I am not my sickness and I will never be
Two months after my 18th birthday, I was diagnosed with severe aplastic anemia, a rare blood disease in which my bone marrow does not make any blood cells necessary for me to survive. That includes red blood cells, white blood cells and platelets. According to the Aplastic Anemia and MDS International Foundation, about 600-900 people are diagnosed with it each year. Aplastic anemia is not picky either; it can affect anyone, at any time and at any age, whether it is genetic or not. No one knows exactly how I acquired the disease due to the many ways to contract it. I am thankful to God that it was not genetic in my case. I could sit here and tell you about my super sad story, but instead I am going to explain to you why it really is not such a sad story. Yes, what my family and I have been experiencing is not easy and can be extremely emotional, but I wouldn’t change a single experience.
In the beginning, my journey was the most devastating thing ever, especially to a young adult who was just getting ready to go off to The University of Texas at Austin and who had worked so hard to accomplish that goal. I had to watch all of my friends and my boyfriend at the time experience what I was supposed to experience. I did not always have such a positive attitude about my situation and it was a struggle to accept things were not going the way I had planned, but over time I started to realize that everything was going to be okay. It would not have been possible for me to have this outlook if it were not for my faith in God and my encouraging support systems that made me focus on the positives in my life and reminded me that I was never alone. I still allow myself moments of tears and thoughts about how hard it all really is and sometimes I do think “why me?”
I’ve gone through some things that most people my age never have to go through or never even have to think twice about. How many 18-year-olds have to wonder whether or not they will ever be able to bear children? How many are forced to make decisions about freezing their eggs for later use? Out of everything, that has been the hardest question. I want children so badly and I cannot and do not want to picture a future without children of my own. I now have premature ovarian failure, premature menopause and osteoporosis due to chemotherapy and radiation, so I will have to wait and see what my future holds.
During my senior year of high school, I had no idea what I wanted to do with my life and then I wasn’t given much of a choice. My life is not my own. I was not aware of all of my potential. I knew I was special and I always knew I was destined for great things, but I never imagined things to play out this way. I was chosen as homecoming queen my senior year and I was accepted into a well-established university; everything was going well and nothing could ever prepare my family or me for what was to about to happen.

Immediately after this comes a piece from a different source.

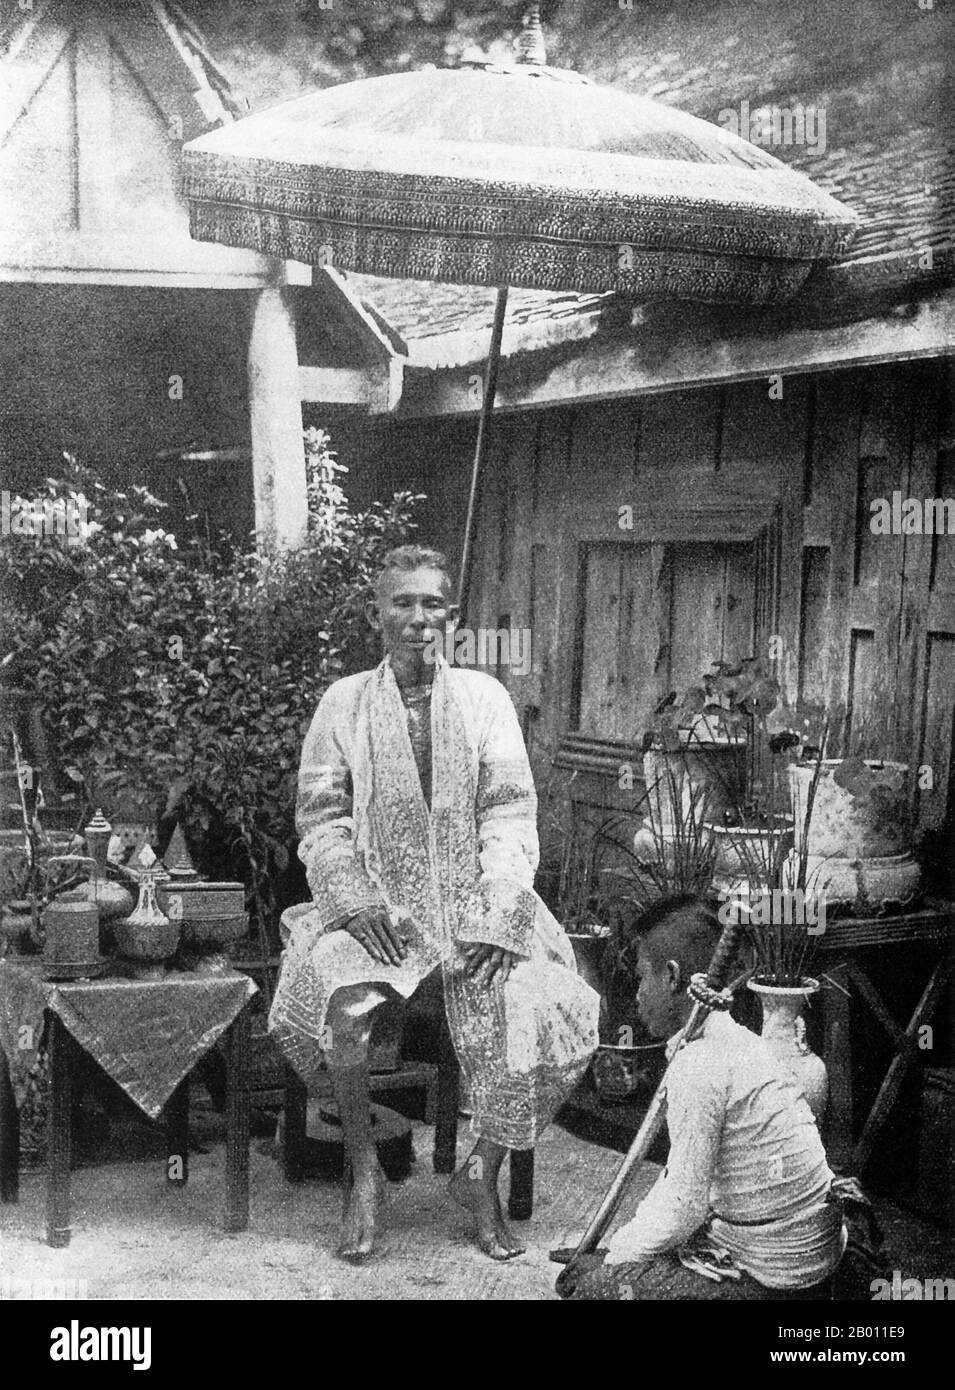 Thailand: Dressed in a gold embroidered robe, a prince is attended by a servant during the reign of King Mongkut (1851-1868).  Rama IV, known in foreign countries as King Mongkut (1804-1868), was the fourth monarch of Siam under the House of Chakri, and ruled from 1851 to his death in 1868. He was one of the most revered monarchs of the country. Outside of Thailand, he is best-known as the King in the 1951 play and 1956 film The King and I. During his reign, the pressure of Western expansionism was felt for the first time in Siam. Stock Photo

I have always been the healthiest and most athletic out of my two younger siblings and I rarely even caught a cold. Being told I have a rare blood disease was scary because of the unknown. I was not worried that I wouldn’t make it through this part in my life; I was more worried about what I was no longer capable of doing. My lifestyle had to significantly change. I could not finish my senior year at school, I missed out on the typical experience of prom, I could not hang out with my friends and I could not go off to college anymore. It will be two years since my diagnosis this March, but because of these things and so much more, I have discovered the true meaning of family and love, and have determined what I want to do with my life and exactly how I want to live it. This journey has built up my self-confidence to extreme heights; it has taught me how to become a prisoner of love, to forgive unforgivingly and to lose all of my pride. I want to do something that makes someone smile and do anything that gives back. I am determined to inspire and spread awareness, not only about my diagnosis, but about my journey.
I have lost all of my hair twice and shed my skin about a thousand times. I have gone through intense chemotherapy and radiation treatments. The type of radiation changes my insides forever and makes me feel like I am being microwaved. I have had two bone marrow transplants, sometimes the only cure for aplastic anemia. Those who have selflessly donated their blood and their time to people like me give me so much hope for the future. I am forever grateful to the beautiful people who have shared themselves with me. I have fought many rounds against viruses and infections during my short career of disease fighting. I have survived a fungal infection in my sinuses and lungs with virtually no immune system.
I love to sing, dance, create and most of all, practice yoga. I see things so differently now and have a new perspective, too. I hear music differently, read differently and practice yoga differently. Yoga really helps keep me going. I have lost a lot of physical strength because of repeated, lengthy isolations. I dropped 25 pounds during my second transplant. I looked like a little skeleton walking and dancing around everywhere. I lost my appetite as a result of the chemotherapy.
Through this experience, yoga has become one of my passions. The ample amount of love and support I receive from the yoga community encourages me to keep pushing. Fellow yogis remind me of the reasons why life really is such a beautifully unfair thing.
So I do not have such a sad story after all. I am not my sickness and I will never be.